長孫夫人淡淡的笑道:“這可怎麼當得起,閉起門,雖然下面不懂事的丫頭們也叫我一聲夫人,我卻也還是知道自己的身份的,媳婦你不但出門名門望族,家世顯赫,還是皇上親封的郡主,算起來咱們還是有君臣之別,這禮,老婦人可受不得。”
名門望族?這語意裡的諷讀之意只怕是再明顯也不過。武傾塵心下想的透徹,當下壓著丫環的手強施了萬福,這才在幾個丫環的牽扶下站直了身,微揚著臉,望著長孫夫人的眸子,一臉誠肯的說道:
“孃親說的話,不是折煞傾塵嘛?我既然嫁入了長孫家,您便是傾塵的長輩,這個禮,怎麼能不受。”
長孫夫人聽到這一聲孃親,眼眸動了動,不動聲色的繼續說道:“唉,這句話說的,坐吧。”
武傾塵毫不打愣的點了點頭,應和著:“謝謝孃親。”
長孫夫人又笑了笑,只是那樣帶著笑意的瞅著武傾塵上下左右的打量著,好半天才繼續說道:“你既然是我兒的媳婦,又叫我一聲娘,我這個當孃的說不得就不知輕重的端了端長輩的駕子,在這府裡,該說該問的,還是會依樣說上幾句,我知道你來這裡,多是為了問問你那幾個丫環的事兒,這著實當不得什麼大事,只是她們初來,不熟府裡的環境,我讓人帶著她們四下瞧瞧,再多學習一下府裡做事的規距罷了,呆會......彩如,你就讓人帶著她們去夫人的院子裡吧。

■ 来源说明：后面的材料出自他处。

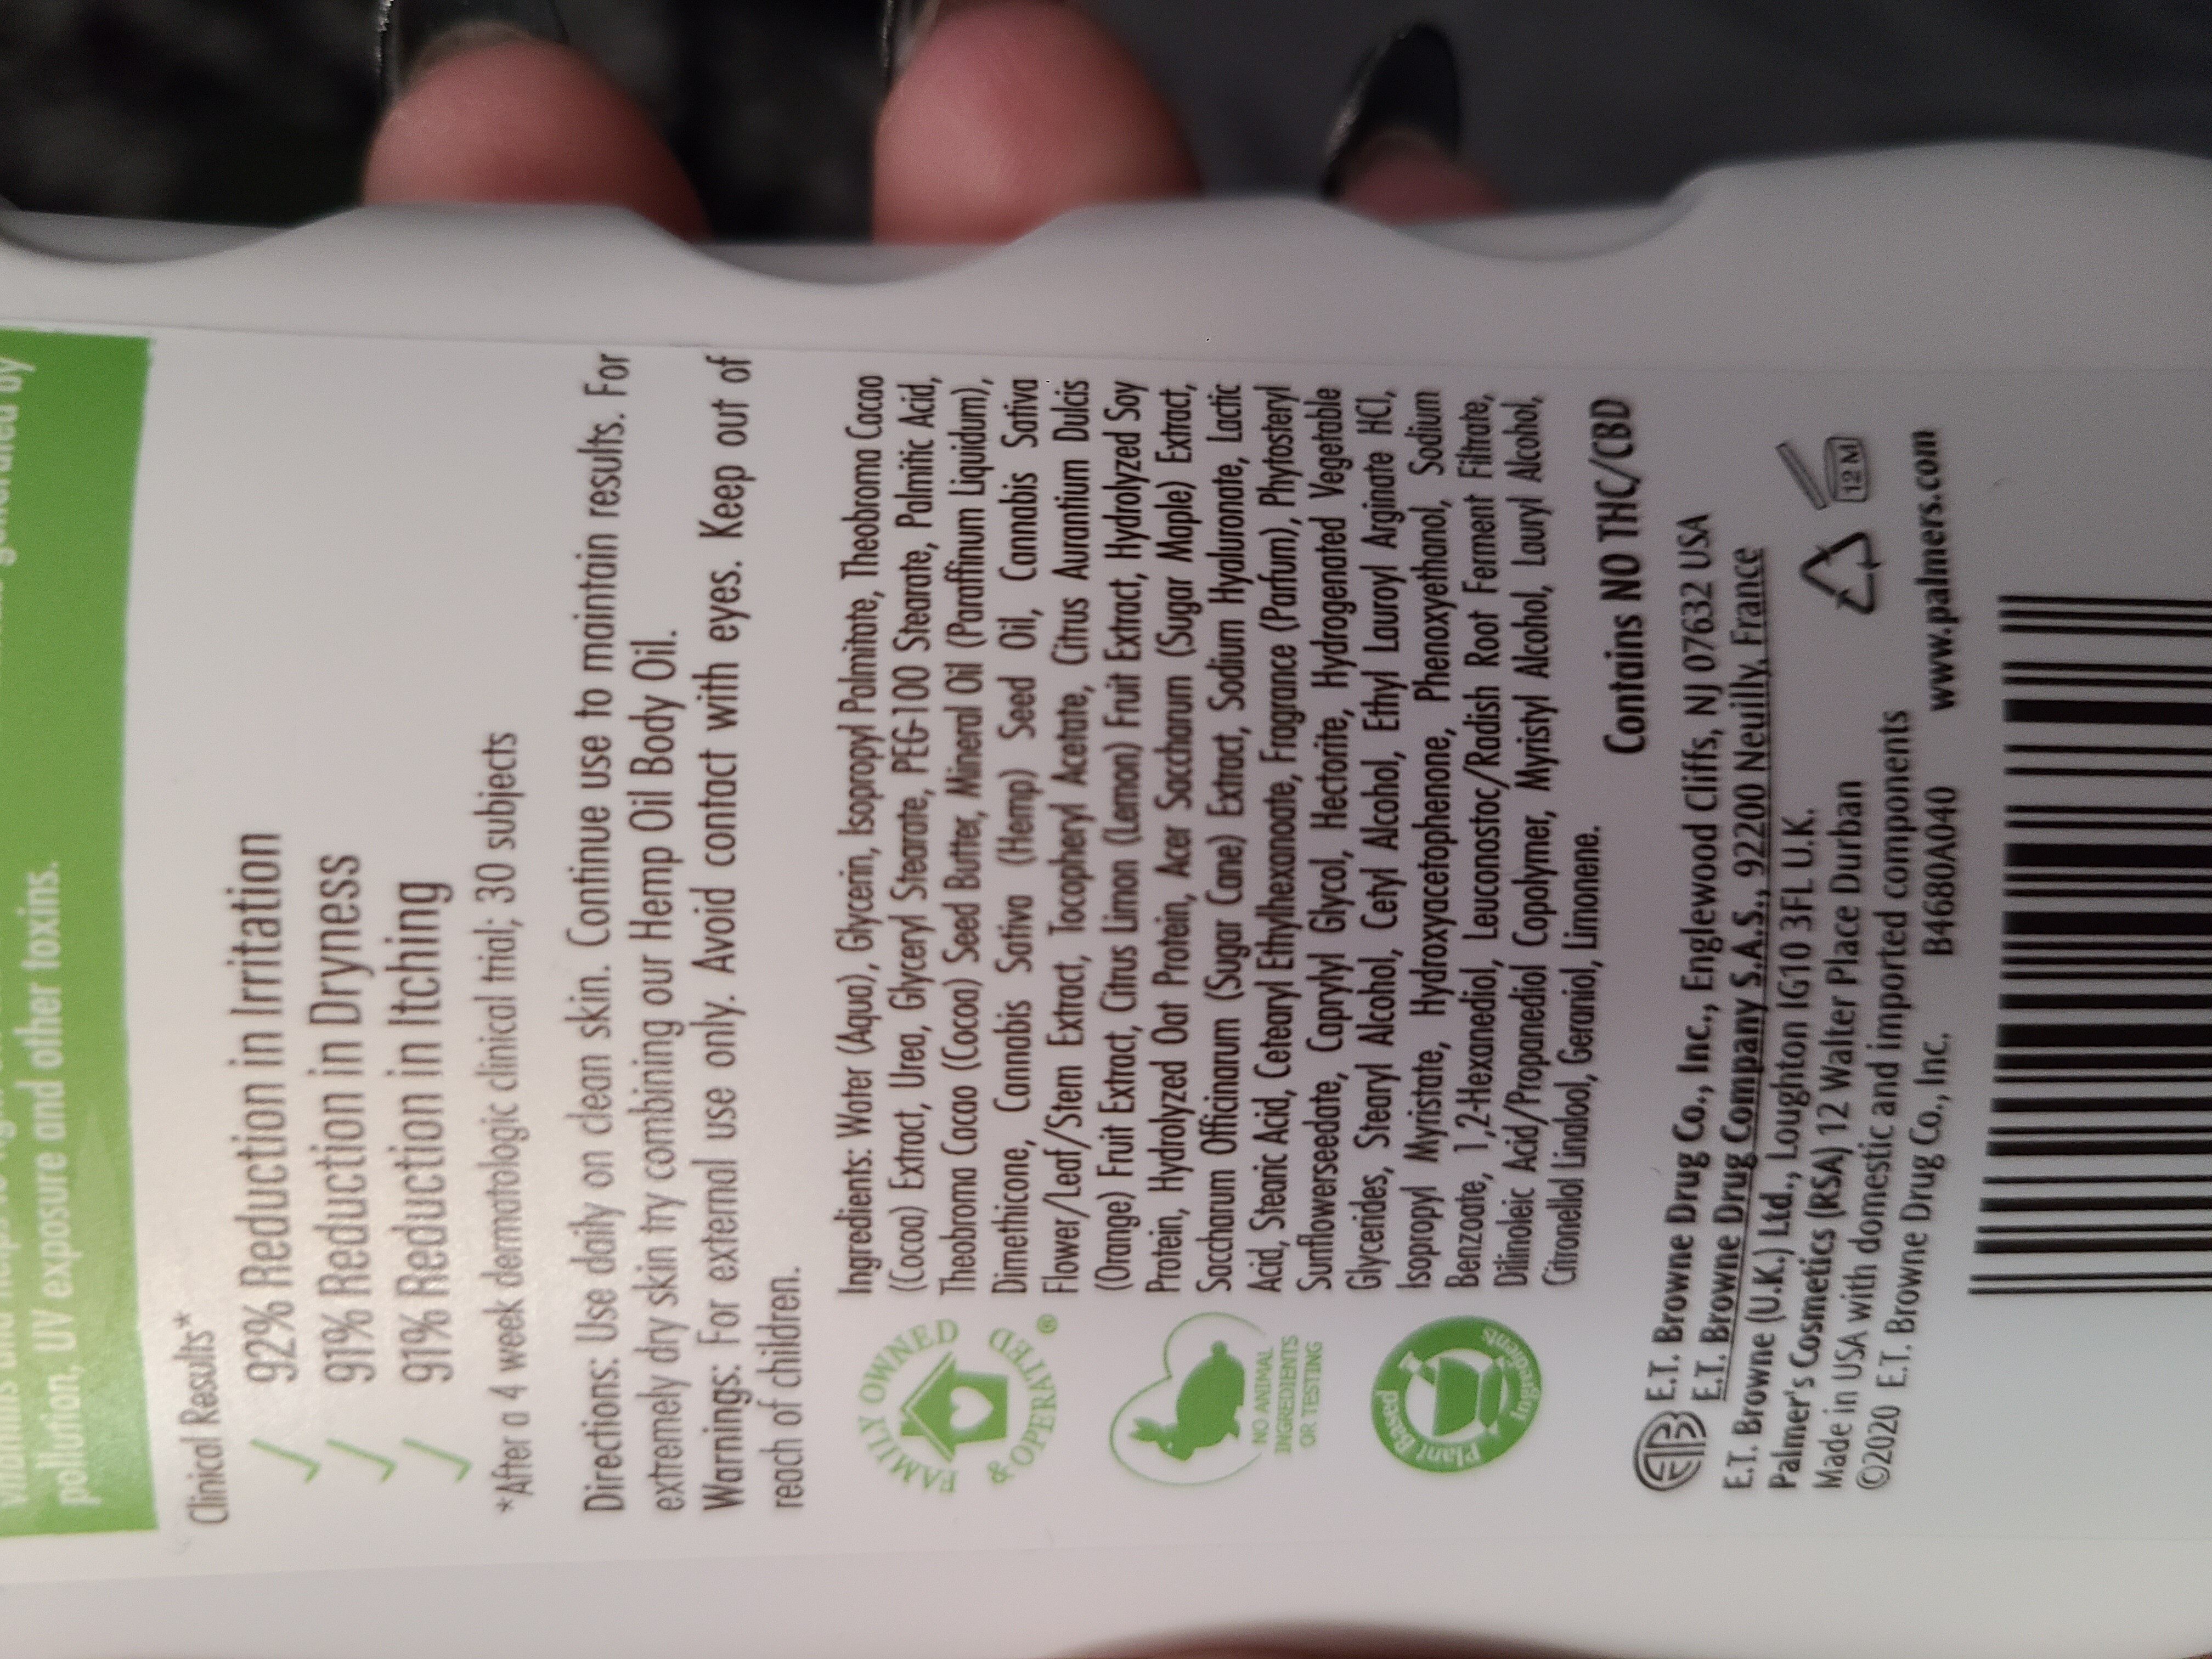 palmers hemp oil relief body lotion - Ingredients - en

”
武傾塵見她一下就說開了場面,把自己的來意說一清二白,不免有些尷尬,剛想說些場面上應景兒的話,長孫夫人已經一抬手製止,只是打了一個哈哈,沒有再多說什麼,只是望了望外邊的日頭,言不達意的說道:“這太陽實在是有些大了,你身子不好,還是早些回去歇著吧。”
武傾塵既然也達到了目的,再加上自己都明白在這家裡,她是不受歡迎的,也不再自找沒趣,只是給長孫夫人施了一個禮,便退了出去,走到了園子裡,這才抬了抬眉頭,問道:“彩喬,這長孫家的立規距是什麼樣的?”
“凡是進長孫府裡的下人,必要先餓上一天,以示可以和主人同甘同苦,還要在長孫家例代祖先面前跪上一天,以示從此忠於長孫府......”
“讓人餓上一天,還要跪上一天?”武傾塵立時有些不滿的吒怒了一句,但立時收聲了,反正夫人也說了讓他們現在就準備過來了,自己再去折騰什麼,反而不妙。
只能忍著氣,一邊走著準備回自己的屋子,心裡盤算著今天總算是要過去了,這剛踏進院裡,便聽見彩婉正在堂屋哭的厲害,門半掩著,那聲音從裡面傳來,斷斷續續,卻又讓人無法忽視。武傾塵不由皺了皺眉頭,今天這樣來回折騰著,身子早就有些疲倦,原是不想管,但聽彩婉哭的傷心,終是動了幾分側隱之心,便走進屋裡,正看彩婉哭的傷心,武傾塵不由提聲說道:“這是怎麼得了,值當著這般鬧騰。”
一側的彩霞趕緊施了一禮,卻不說話,彩婉卻只是低低的哭著,武傾塵又問了一遍,依舊無人回話,他性子一向有些急燥,這一問再問不免有些火氣了,不自覺的聲音也提高了幾分的說道:“說話。”
彩婉這才受驚般的抬起一雙淚眼,望著武傾塵,抽泣著斷斷續續的說道:“夫人....夫人...沒什麼事......”武傾塵
可是眼睛裡揉不進沙子的人,聽到彩婉吱吱唔唔了半天也說不出一個完整的話來,心裡更是添了幾分急燥,一把拉著彩婉,然後喝罵道:“有什麼事說出來,你既然分到我這裡,以後就是我房裡的人了,難不成,還能讓你憑白受人欺負了去?”
彩婉那裡敢回答,只是不語,武傾塵瞅了一眼正在一邊拭淚的彩霞,彩霞趕緊有些心虛的望著地面,不敢再抬頭。
這叫沒什麼事?
武傾塵越看越是有火,但心裡也清楚,自己問不出什麼來,只是瞅了一眼兩人,拉著彩喬抬腳進了屋裡,一進屋裡,武傾塵便望著彩喬說道:“你去問問這是怎麼回事?”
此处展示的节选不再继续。